Lost Era 06_ Catalyst of Sorrows - Margaret Wander Bonanno [69]
“We did notice considerable local activity on the way in,” Tuvok acknowledged.
“In two days we’ll cross into the Zone and the madness begins,” the Listener went on. The Tenji came in all sizes, shapes, and colors, and there was no way for her guests to know if she was a native or a human whose hair had been replaced with iridescent feathers. “You’ll want to be gone before then.”
“We plan to mingle with the outgoing traffic and slip into the Zone that way,” Sisko said.
The Listener thought this over. “Then we haven’t much time to get you the information you need. As if they didn’t already have reason to be jumpy, this time of year makes the Tenji even jumpier. They don’t like either side and, for obvious reasons, they feel more than a little vulnerable out here. But this is their world, and they make the best of it.”
The “obvious reasons” lay beyond the habitat domes of the planet’s enclosed cities. Tenjin’s axis was pointed toward its sun, leaving it a sharply divided world of barren lunar landscape, of pocked and pitted waterless wasteland, one hemisphere constantly fried by a merciless sun, the other facing the frozen void of open space. The Tenji lived entirely in enclosed habitats.
“Like so many huge glass paperweights,” Sisko had remarked as the Albatross juddered into her assigned berth in synchronous orbit above the night side.
“Indeed,” Tuvok had concurred.
Inside the habitats, night and day were internally regulated to keep the inhabitants from going mad with constant exposure to either light or dark. Outside the safety of the habitats, there was atmosphere to breathe but, depending on which side of the planet one lived on, the temperature was a constant of either desert heat or arctic cold, and dust storms or storms of needle-sharp ice crystals often obscured the stars. If they were ever attacked and their habitat domes damaged, the Tenji would not survive for long.

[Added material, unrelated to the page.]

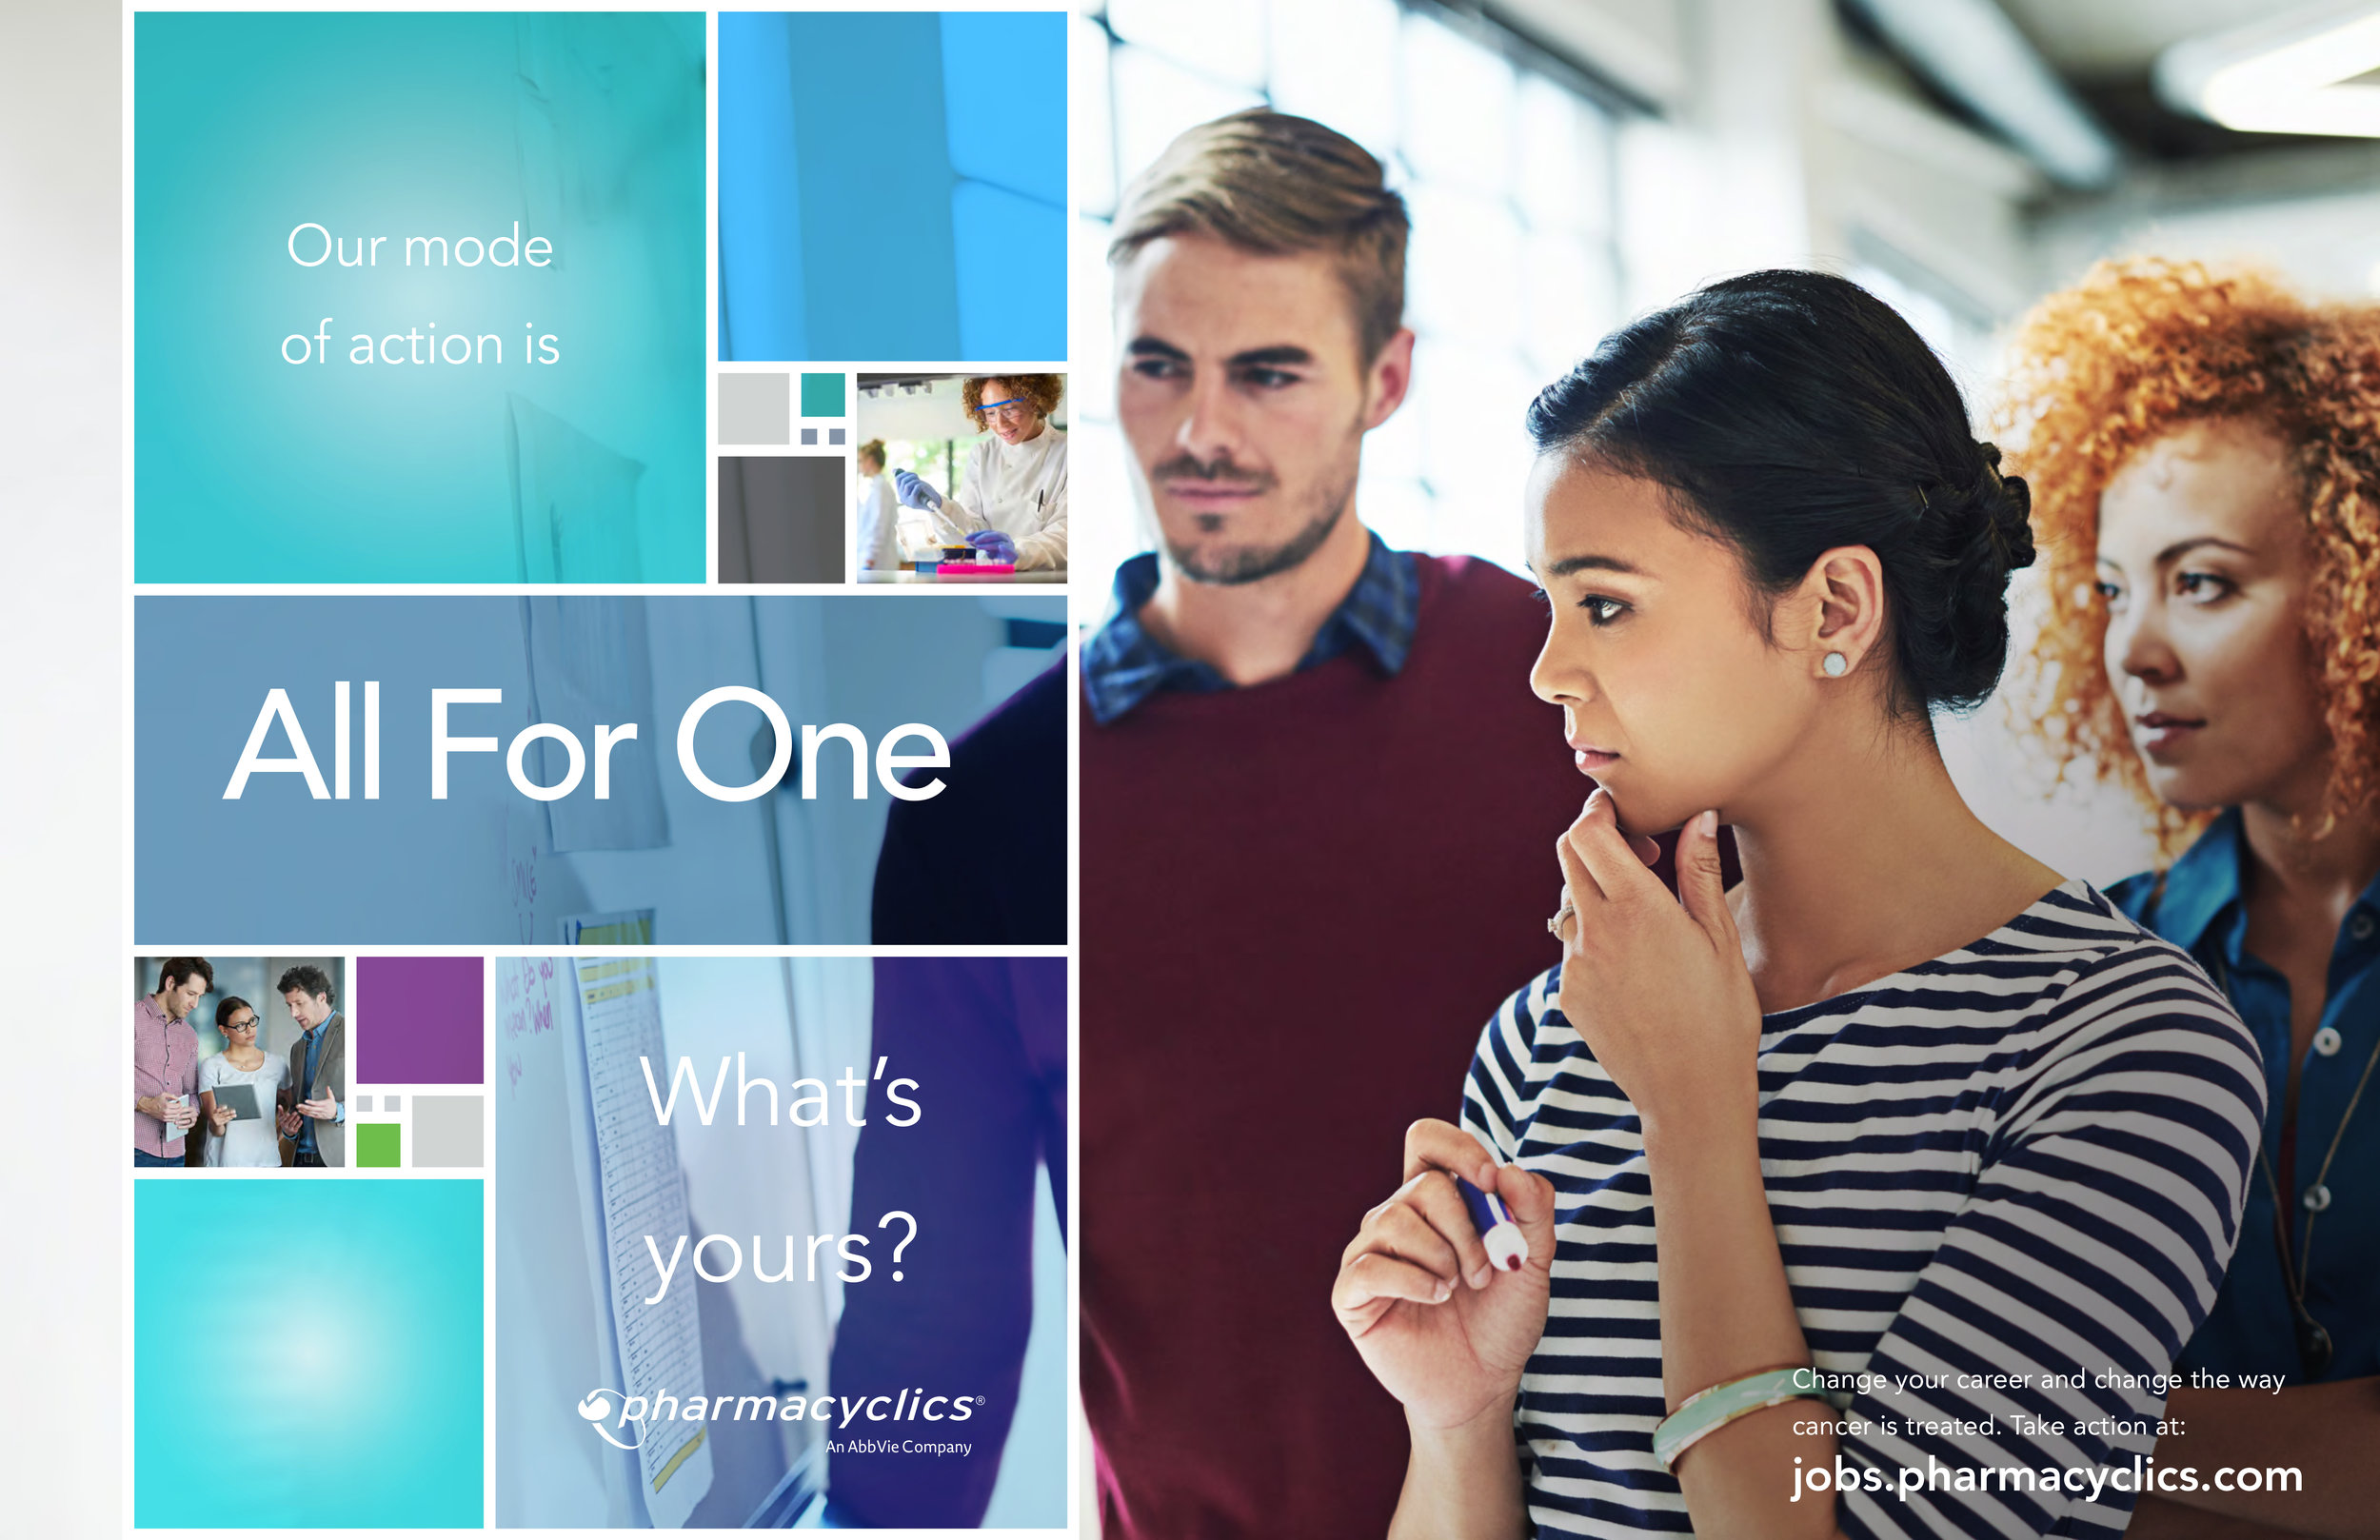 Pharmacyclics Corporate Brand Advertising

Still, within the tenuous safety of their domes, they had developed a rich and varied culture based primarily on trade. As one of the last free ports on the Federation side of the Zone, Tenjin flourished. Over a dozen species speaking as many languages strolled past the landing party amid a maze of kiosks and shops and restaurants exuding enticing sights, sounds, and smells; displaying clothing in more colors than the eye could see and the flashing lights of the latest personal technology; offering samples of everything from Risan massage to domjot games to freshly made chorizo. The Tenji themselves strutted and preened like so many peacocks.
“Market day in New Orleans meets Tokyo’s Ginza,” Sisko said, inhaling deeply. His educated sense of smell told him that someone somewhere in this place was preparing an eggplant ratatouille, and he intended to find out who and where. “Ever been to New Orleans, Tuvok?”
“I cannot say that I have,” Tuvok replied. He and Selar were enacting their Vulcan personae on Tenjin. As they moved with the crowds, Selar was surreptitiously scanning each passing shopper with a medscanner equipped with an added long-range filter to record every cough or sneeze occurring within this particular dome. Tuvok would as unobtrusively collect atmosphere samples, dust samples, even samples of the soil in the potted plants displayed everywhere, whereas Zetha-
“How do they live?” she blurted out, and Sisko realized she must be practically dizzy with sudden sensory overload. “Where does all this food come from?”
“My sister’s eldest,” Selar told the slightly startled Listener, absolutely deadpan, slipping the still-scanning medscanner into a pocket. “It is her first offworld journey.”